Published Date: April 7, 2014

ThorThis is the apply named Thor, a four-month-old black Lab who’s rambunctiousness had reached the boiling point with his owners.

While labs are great dogs, in my experience they can be one of the most frustrating puppies to deal with due to their endless supply of energy. Without establishing clear rules, boundaries and limitations, they often push the boundaries and limits of authority as they age.

When I first met Thor I could instantly tell that he lacked for confidence a bit; staying at arms length or farther away, barking then dashing away, over barking and showing absolutely no respect for his owner’s personal space.

As we discussed what they wanted to work on, Thor bounded around the room barking and moving in a bit of a disrespectful way. I had his owner place him on the leash and then hand it to me. Thor didn’t like that and attempted to pull away. I ignored his pulling and secured the leash under my foot so that he was sitting beside me. As soon as I did this, his energy level dropped considerably.

I suggested that his owners repeat this anytime that Thor passed what they considered an acceptable level of energy. By introducing a limit and following through with this same consequence AS SOON as he gets over-excited, we can help Thor learn that too much excitement results in a time out.

Once Thor was completely calm, I lifted up my foot so that it no longer help him in position. As soon as I did this, he got up and walked away calmly. It will be a procedure that his owners will need to repeat quite a bit at first. But if they are consistent, he will quickly learn that remaining calm equates to free reign.

Next I showed his owners a leadership exercise to help him calm down, while communicating that the human is in a leadership position. At first Thor was defiant, barking at me in disagreement when I blocked him from doing as he wanted. But within two minutes, he surrendered to the exercise and laid down. As soon as he did I rewarded him and then repeated the exercise.

Next I walked his owner through the exercise as it will be important that they practice it over and over for the next week or two. But Thor instantly recognized that his owner wasn’t as firm as I was. As a result, he ignored his owner’s commands and continued to go around him rather than respect his authority. For dogs, hesitation or softness can be interpreted as weakness and this was certainly the case here. But we stuck with it and after about 10 minutes, Thor was surrendering to his owner the same way he did for me.

Because labs have so much energy as puppies, it will be important his owners take him out for regular structured walks daily. By channeling the dog’s unused energy in a controlled way, we can help keep it in line inside and reinforce the leader follower dynamic.

Thor’s owner had told me that he pulled on the leash so I fitted him up with a Martingale collar then added my own special twist to the leash. I walked him around the living room offering pointers as to when and how to correct him when he got out of position.
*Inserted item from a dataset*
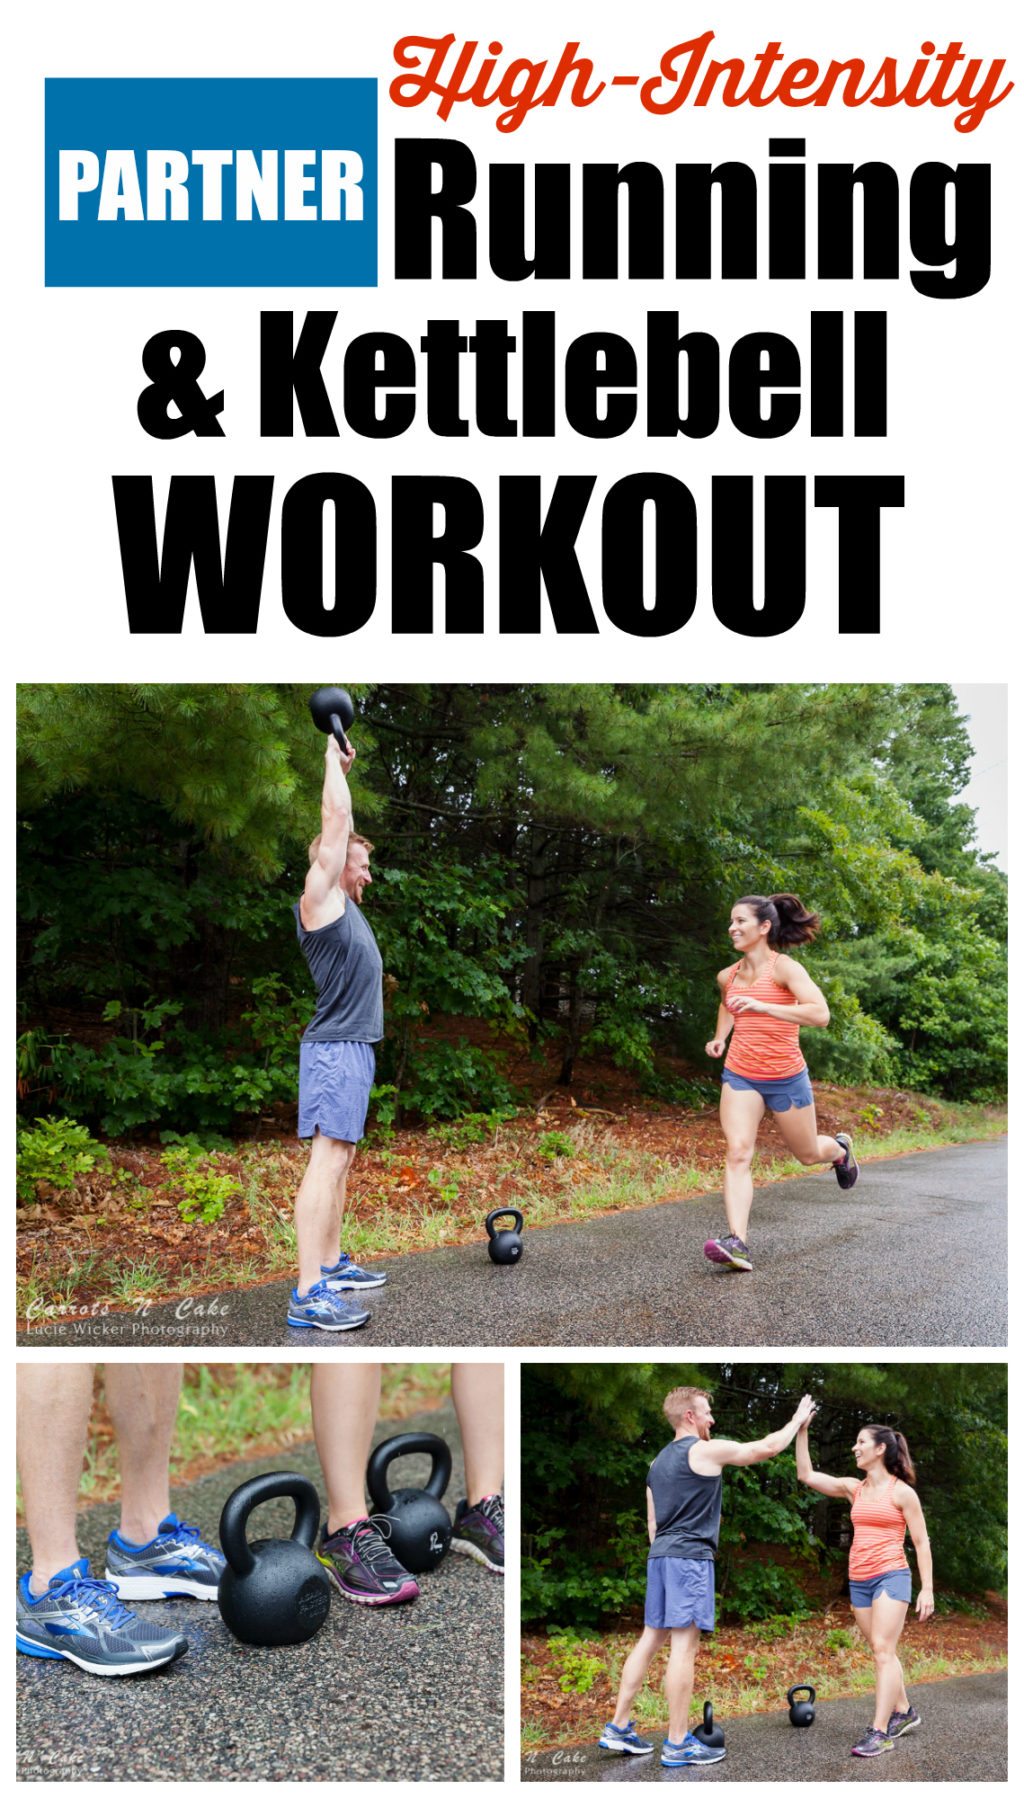 Partner Running & Kettlebell Workout
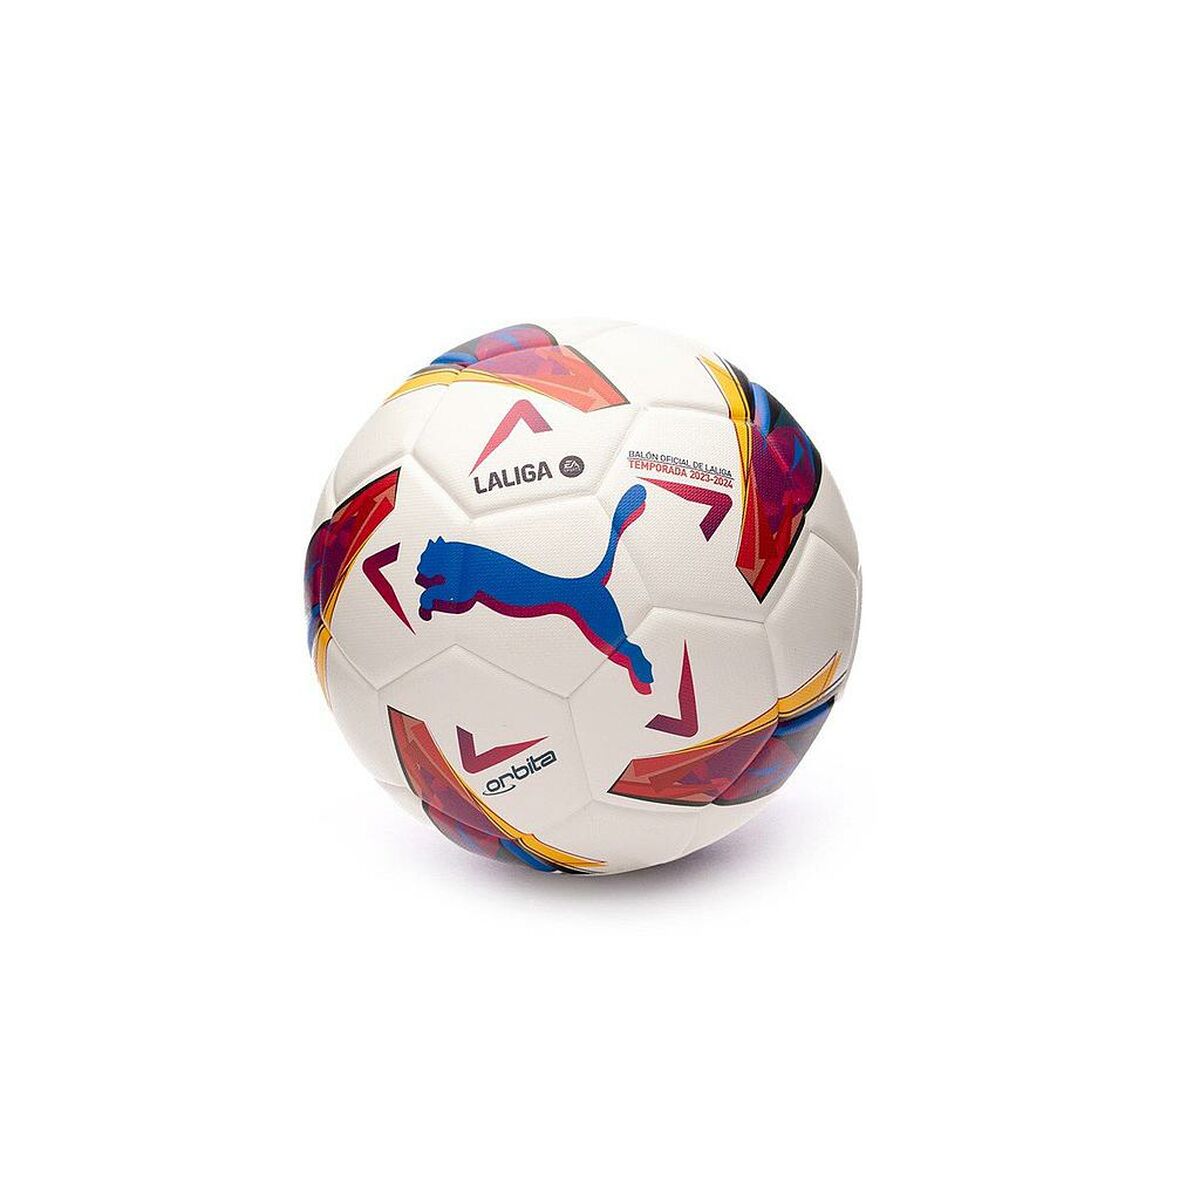 Ballon de Football Puma LALIGA

Because a dog’s nose controls 60% of its brain, I don’t allow a dog to sniff while on a structured walk and suggested they adopt the same.

After heading outside, I had his owner wait by the house while I walked Thor on the sidewalk. It only took a few corrections as the Martingale stopped Thor’s pulling almost immediately. I handed the leash to his owner and followed a few steps behind as he did the same. His owner told me it was a noticeable improvement and that the collar gave him quite a bit more control.

Once he was comfortable with the walk, we went back inside so I could suggest an alternate way of feeding the dog. Because Thor was so interested in everyone else’s food and didn’t show the level of respect he needed to, I suggested that his owners make the dog wait until they finished eating before giving him permission to eat his food. This gives the dog something to focus on and offers the ability to practice self restraint, a quality Thor will need as he matures.

By the end of the session, Thor was crashed on the floor which was a welcome sight for his owners. By practicing the leadership exercises, taking him for daily walks and giving him a time out when he gets over excited or breaks the rules, Thor will learn the rules and boundaries his owners want him to respect.